Antilibanon in het Arabisch Dsjebel- Sjeik genaamd, is eene Aziatische bergketen, welke ten oosten van den Libanon en evenwijdig met dezen door Syrië loopt. Zij neemt een aanvang in het zuiden des lands, in de nabijheid van de bronnen der Jordaan en bereikt er hare aanzienlijkste hoogte ten westen van Damascus in den Dsjebelel-Dsjekif (3300 Ned. el).
Zij heeft eene gemiddelde hoogte van 1300 Ned. el en is eene dagreis breed. Hare talrijke hoogvlakten en dalen zijn met een weligen plantengroei bedekt. Sierlijke weiden wisselen er af met uitgestrekte wouden. De hellingen der hooge bergstreek zijn er echter kaal, vooral aan de westzijde. Op de hoogvlakten ontspringen vele beken en kleine rivieren, die grootendeels oostwaarts naar de Nahres-Sibarani en voor een klein gedeelte noordoost- en zuidoostwaarts naar de Barada vloeijen. Het gesteente bestaat er hoofdzakelijk uit krijtgevaarten met vuursteenlagen en conglomeraatvormingen, en door het midden loopt eene kalksteenketen met steile wanden.
Tusschen den Antilibanon en den Libanon vindt men het lengtedal, hetwelk zich van de bronnen der Jordaan tot de Orontes uitstrekt en in de dagen der Oudheid den naam droeg van Coelesyrië (Hol Syrië). Het planten- en dierenrijk komt er met dat van Syrië overeen. De bewoners van het noordelijk gedeelte zijn grootendeels Arabieren, en die van het zuidelijk gedeelte Droesen. Zij wonen in dorpen bijéén, en men vindt hier en daar ook sterke kasteelen. Er zijn merkwaardige bouwvallen, zooals die van het oude Heliopolis (zie onder Baalbeck), het graf van Noacht de Jacobsbrug over de Jordaan enz.

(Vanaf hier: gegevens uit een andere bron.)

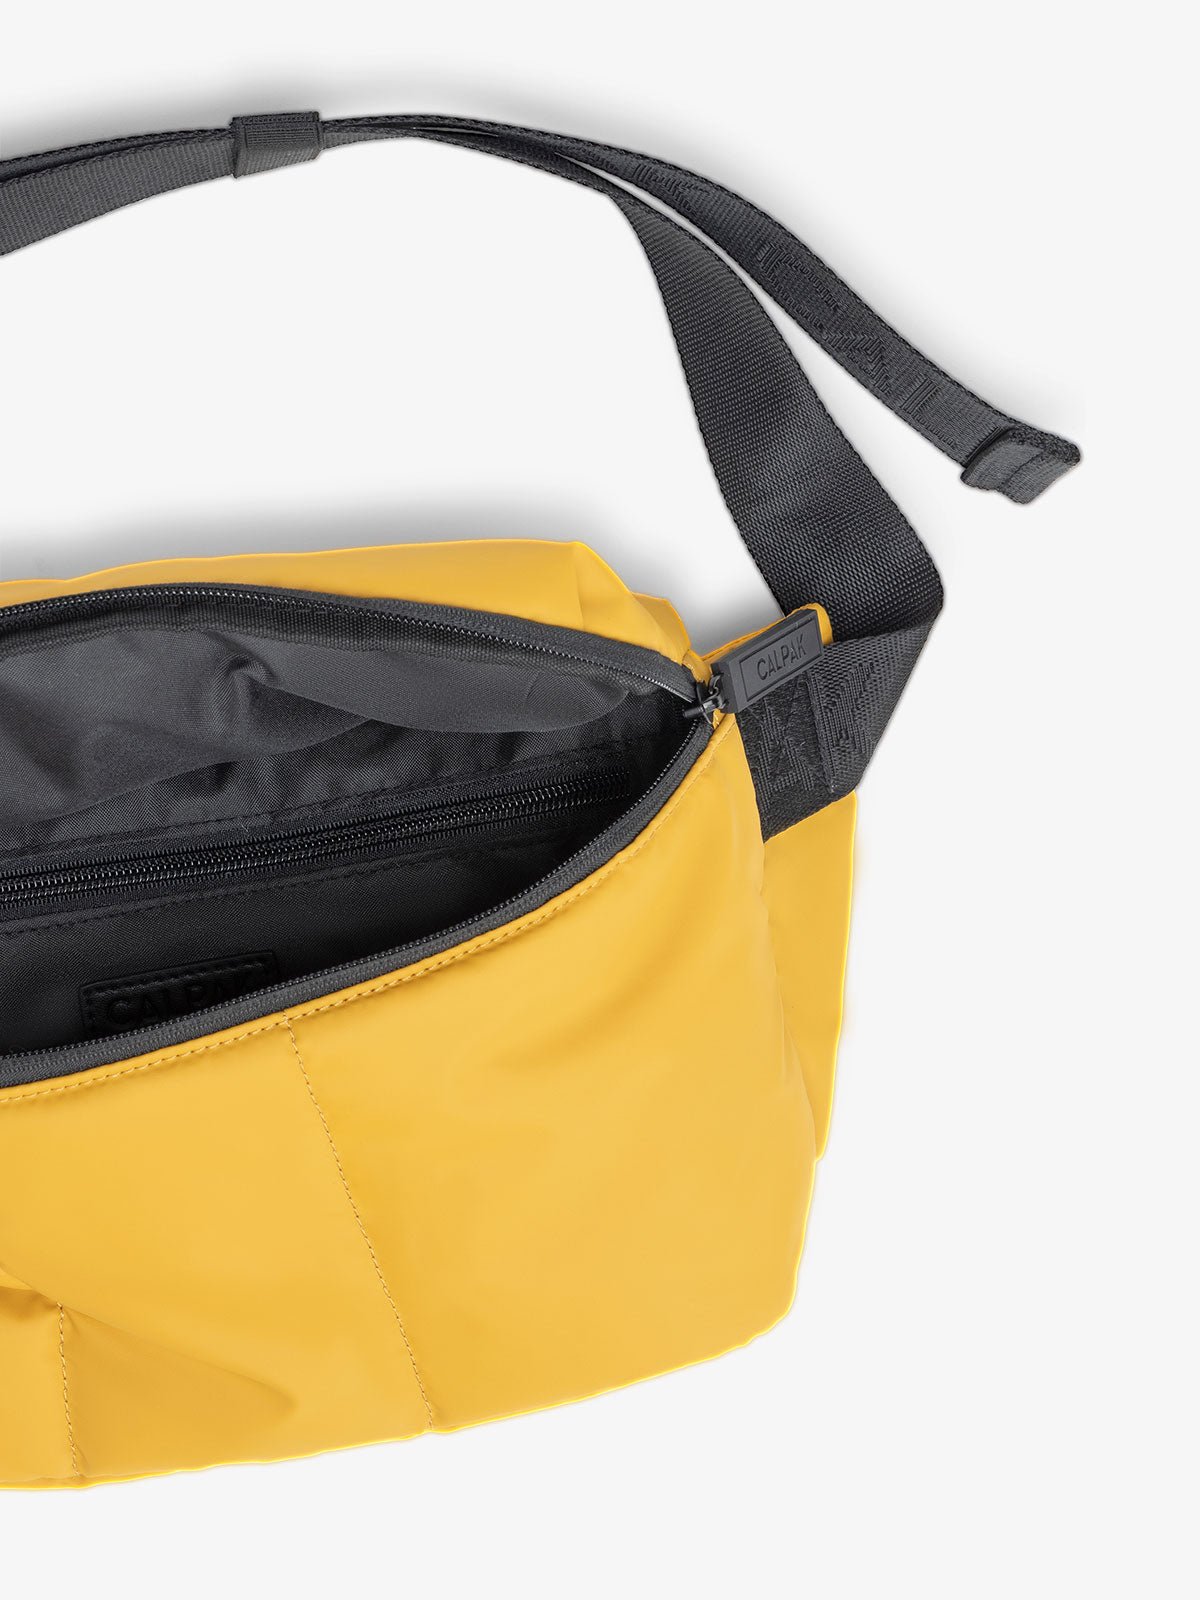 CALPAK Luka belt bag in yellow dijon color

Onderscheidene karavaanwegen loopen over den Antilibanon naar Damascus, zoo als van Tarablus (Tripolis) over den Libanon en Baalbeck, van Beiroet over Sachle en Zebdeni, van Saidé (Sidon) over Dsjessin, van Akka over Safed en Conneytra, van Banias over Radsjeia en van Banias regtstreeks naar Damascus. In het noordelijk gedeelte, dat weinig bekend is, schijnen de wegen niet zoo talrijk te zijn.